++++ Supplied entries ++++

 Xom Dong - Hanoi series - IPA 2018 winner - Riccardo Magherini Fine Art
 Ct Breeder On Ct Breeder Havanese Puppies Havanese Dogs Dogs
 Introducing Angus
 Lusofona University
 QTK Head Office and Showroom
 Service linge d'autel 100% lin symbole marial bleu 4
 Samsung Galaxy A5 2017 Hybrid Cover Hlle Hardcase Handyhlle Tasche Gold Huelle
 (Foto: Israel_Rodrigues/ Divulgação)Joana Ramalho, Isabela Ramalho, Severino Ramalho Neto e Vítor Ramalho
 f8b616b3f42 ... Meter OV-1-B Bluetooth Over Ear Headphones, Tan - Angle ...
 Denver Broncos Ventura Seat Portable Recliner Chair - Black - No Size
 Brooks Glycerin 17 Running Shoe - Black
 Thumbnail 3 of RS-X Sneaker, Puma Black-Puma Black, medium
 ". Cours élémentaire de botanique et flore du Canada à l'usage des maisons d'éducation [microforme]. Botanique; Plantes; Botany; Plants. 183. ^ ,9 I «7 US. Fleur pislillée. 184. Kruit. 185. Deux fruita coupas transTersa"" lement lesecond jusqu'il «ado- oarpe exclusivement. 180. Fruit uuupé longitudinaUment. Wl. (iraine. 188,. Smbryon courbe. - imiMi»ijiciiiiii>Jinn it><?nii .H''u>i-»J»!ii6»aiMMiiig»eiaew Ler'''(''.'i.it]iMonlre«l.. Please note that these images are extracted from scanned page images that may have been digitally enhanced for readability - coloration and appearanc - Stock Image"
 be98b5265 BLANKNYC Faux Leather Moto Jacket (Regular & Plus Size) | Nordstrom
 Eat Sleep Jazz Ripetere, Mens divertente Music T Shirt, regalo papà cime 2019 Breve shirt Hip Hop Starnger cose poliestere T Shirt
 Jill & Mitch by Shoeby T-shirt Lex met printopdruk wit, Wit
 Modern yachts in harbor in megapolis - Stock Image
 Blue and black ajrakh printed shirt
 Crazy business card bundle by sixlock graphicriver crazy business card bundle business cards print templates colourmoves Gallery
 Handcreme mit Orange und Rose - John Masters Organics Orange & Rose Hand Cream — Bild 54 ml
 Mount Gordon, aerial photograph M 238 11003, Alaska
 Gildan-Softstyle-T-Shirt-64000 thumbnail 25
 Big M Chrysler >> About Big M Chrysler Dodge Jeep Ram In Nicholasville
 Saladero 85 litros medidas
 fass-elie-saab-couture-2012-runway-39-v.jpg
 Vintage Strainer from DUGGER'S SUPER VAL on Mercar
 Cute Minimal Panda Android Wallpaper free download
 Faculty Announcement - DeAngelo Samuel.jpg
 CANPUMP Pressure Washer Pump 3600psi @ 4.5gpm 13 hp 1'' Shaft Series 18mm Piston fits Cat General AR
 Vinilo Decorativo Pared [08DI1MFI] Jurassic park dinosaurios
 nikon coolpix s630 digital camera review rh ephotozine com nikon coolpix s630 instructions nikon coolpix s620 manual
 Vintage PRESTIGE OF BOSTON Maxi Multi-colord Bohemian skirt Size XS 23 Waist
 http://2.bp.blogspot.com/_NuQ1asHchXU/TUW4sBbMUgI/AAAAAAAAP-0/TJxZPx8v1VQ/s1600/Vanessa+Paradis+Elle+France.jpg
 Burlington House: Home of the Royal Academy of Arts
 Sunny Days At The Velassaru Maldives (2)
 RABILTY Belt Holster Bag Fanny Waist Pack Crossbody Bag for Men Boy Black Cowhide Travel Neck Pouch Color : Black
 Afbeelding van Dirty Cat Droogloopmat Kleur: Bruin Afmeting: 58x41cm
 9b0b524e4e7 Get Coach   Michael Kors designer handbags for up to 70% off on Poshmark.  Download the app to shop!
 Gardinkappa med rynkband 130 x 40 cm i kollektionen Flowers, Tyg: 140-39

++++

What needs to be done ::
Write out once more the lines above beginning at the line with "Cute Minimal Panda"; continue through the final line and stop there.

Written solution ::
 Cute Minimal Panda Android Wallpaper free download
 Faculty Announcement - DeAngelo Samuel.jpg
 CANPUMP Pressure Washer Pump 3600psi @ 4.5gpm 13 hp 1'' Shaft Series 18mm Piston fits Cat General AR
 Vinilo Decorativo Pared [08DI1MFI] Jurassic park dinosaurios
 nikon coolpix s630 digital camera review rh ephotozine com nikon coolpix s630 instructions nikon coolpix s620 manual
 Vintage PRESTIGE OF BOSTON Maxi Multi-colord Bohemian skirt Size XS 23 Waist
 http://2.bp.blogspot.com/_NuQ1asHchXU/TUW4sBbMUgI/AAAAAAAAP-0/TJxZPx8v1VQ/s1600/Vanessa+Paradis+Elle+France.jpg
 Burlington House: Home of the Royal Academy of Arts
 Sunny Days At The Velassaru Maldives (2)
 RABILTY Belt Holster Bag Fanny Waist Pack Crossbody Bag for Men Boy Black Cowhide Travel Neck Pouch Color : Black
 Afbeelding van Dirty Cat Droogloopmat Kleur: Bruin Afmeting: 58x41cm
 9b0b524e4e7 Get Coach   Michael Kors designer handbags for up to 70% off on Poshmark.  Download the app to shop!
 Gardinkappa med rynkband 130 x 40 cm i kollektionen Flowers, Tyg: 140-39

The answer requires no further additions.